Let’s have a proper debate about the NBN to the bush

The cost-benefit analysis on the NBN has been released. While it “supports” the government’s multi-technology-mix (MTM) scenario over Fibre-to-the-Premises (FTTP), the best case is the ‘unsubsidised rollout’ scenario. So the real message of the report is that the NBN needs a complete rethink.

And, as noted in today’s Australian, this means we need an urgent debate about the future of the NBN.

The unsubsidised rollout scenario considers a single broadband provider that can charge a price up to 70 per cent of consumer value. It rolls out the network where it is profitable. Up to 93 per cent of premises get covered using a range of high-speed technologies. It is a proxy for the likely outcome if the former government had not dreamt up the NBN in the first place. The details are on pages 48 and 49 of Volume 2 of the report.

The 7 per cent that miss out under the unsubsidised rollout are outside the current fixed line footprint; about 700,000 premises in rural and regional Australia. Under the other NBN scenarios, these are premises that will be served by wireless or satellite broadband services.

It will cost about $4.8 billion, plus any tax ‘deadweight loss’ to bring broadband services to the last 7 per cent (table 3). This is about $7000 for each of the premises (p.12). The report calculates that this is well above the likely average willingness-to-pay for many households and businesses in these rural and regional areas. So any scenario that tries to bring broadband to the bush will literally burn a lot of money. The bush will get broadband but only at a price that it wouldn’t want to pay.

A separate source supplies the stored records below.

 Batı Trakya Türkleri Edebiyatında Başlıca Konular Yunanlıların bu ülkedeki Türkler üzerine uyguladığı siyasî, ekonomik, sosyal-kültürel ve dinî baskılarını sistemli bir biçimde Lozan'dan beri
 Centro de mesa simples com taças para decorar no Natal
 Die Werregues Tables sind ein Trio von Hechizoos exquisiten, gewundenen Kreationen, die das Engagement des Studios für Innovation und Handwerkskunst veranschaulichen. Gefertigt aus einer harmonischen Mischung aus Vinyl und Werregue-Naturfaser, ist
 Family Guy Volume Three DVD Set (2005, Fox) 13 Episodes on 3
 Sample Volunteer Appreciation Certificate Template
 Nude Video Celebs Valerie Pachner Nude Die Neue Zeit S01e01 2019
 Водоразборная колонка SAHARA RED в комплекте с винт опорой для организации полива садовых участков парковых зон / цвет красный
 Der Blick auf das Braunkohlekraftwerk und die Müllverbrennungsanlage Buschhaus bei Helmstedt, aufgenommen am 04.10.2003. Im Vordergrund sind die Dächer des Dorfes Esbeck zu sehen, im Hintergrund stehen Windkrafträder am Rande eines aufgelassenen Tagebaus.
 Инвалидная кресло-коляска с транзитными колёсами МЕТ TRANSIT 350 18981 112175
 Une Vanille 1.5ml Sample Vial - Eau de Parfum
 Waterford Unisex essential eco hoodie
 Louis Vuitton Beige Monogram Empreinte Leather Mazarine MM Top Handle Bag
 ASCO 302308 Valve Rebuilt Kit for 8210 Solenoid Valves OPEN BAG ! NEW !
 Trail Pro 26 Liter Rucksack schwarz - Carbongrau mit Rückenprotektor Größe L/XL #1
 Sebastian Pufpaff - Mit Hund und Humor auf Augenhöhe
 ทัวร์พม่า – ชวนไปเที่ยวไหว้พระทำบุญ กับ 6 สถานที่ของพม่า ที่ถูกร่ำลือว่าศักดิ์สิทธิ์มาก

The willingness-to-pay figures will be disputed. But the cost-benefit analysis means that there are now a series of questions that the coalition government must answer before it continues the NBN folly.

First, is Australia happy to spend an extra $4.8b on the bush?

Second, if we are happy to spend this money, is it best spent on high-speed broadband? In particular, what would the residents of rural and regional Australia like, faster internet or something else?

Third, if the money is to be spent, how will it be funded?

There are no unambiguous right or wrong answers to these questions. But it is a debate that Australia needs to have.

I have no problem with spending an extra $4.8b in rural and regional areas if it creates valuable services. One of the principles that underpinned Australia’s federation was that rural and regional areas would not be left behind.

But the cost-benefit analysis shows that the current NBN proposal will channel $4.8b into services that cost more than the value they create. Better schools, hospitals, roads and community centres in rural Australia may provide better value for money.

But suppose the cost-benefit study is wrong?

Well, one way to find out is to ask the people in the bush. If, as a society, we want to spend an extra $4.8b on the bush, how would they like it spent? At its crudest, would each rural and regional household and business prefer the NBN to continue or to receive a once off payment of $7000 each from the federal government? It would be interesting to see what a vote would reveal! While some would prefer faster broadband, many, I suspect, could find better uses for the money.

If we do continue to build a rural and regional broadband network, how should it be funded? The present model involves an implicit tax on city broadband to fund rural and regional broadband services. The ‘tax’ operates through uniform national pricing. As I have discussed before, implicitly taxing city internet users to pay for rural and regional internet services is economic lunacy. We should raise the revenue in a transparent, least-cost way.

Table G1 of the cost-benefit study shows that having explicit government funding for internet in rural areas or incentives to back up private investment would bring Australia in line with a range of other countries, from Europe to the US to Asia.

The real message of the cost-benefit analysis is that we need to stop the current NBN process outside the existing fixed-line regions and have a real debate on how we best provide services to rural and regional Australia and how we fund those services. The National party should lead this debate and welcome it.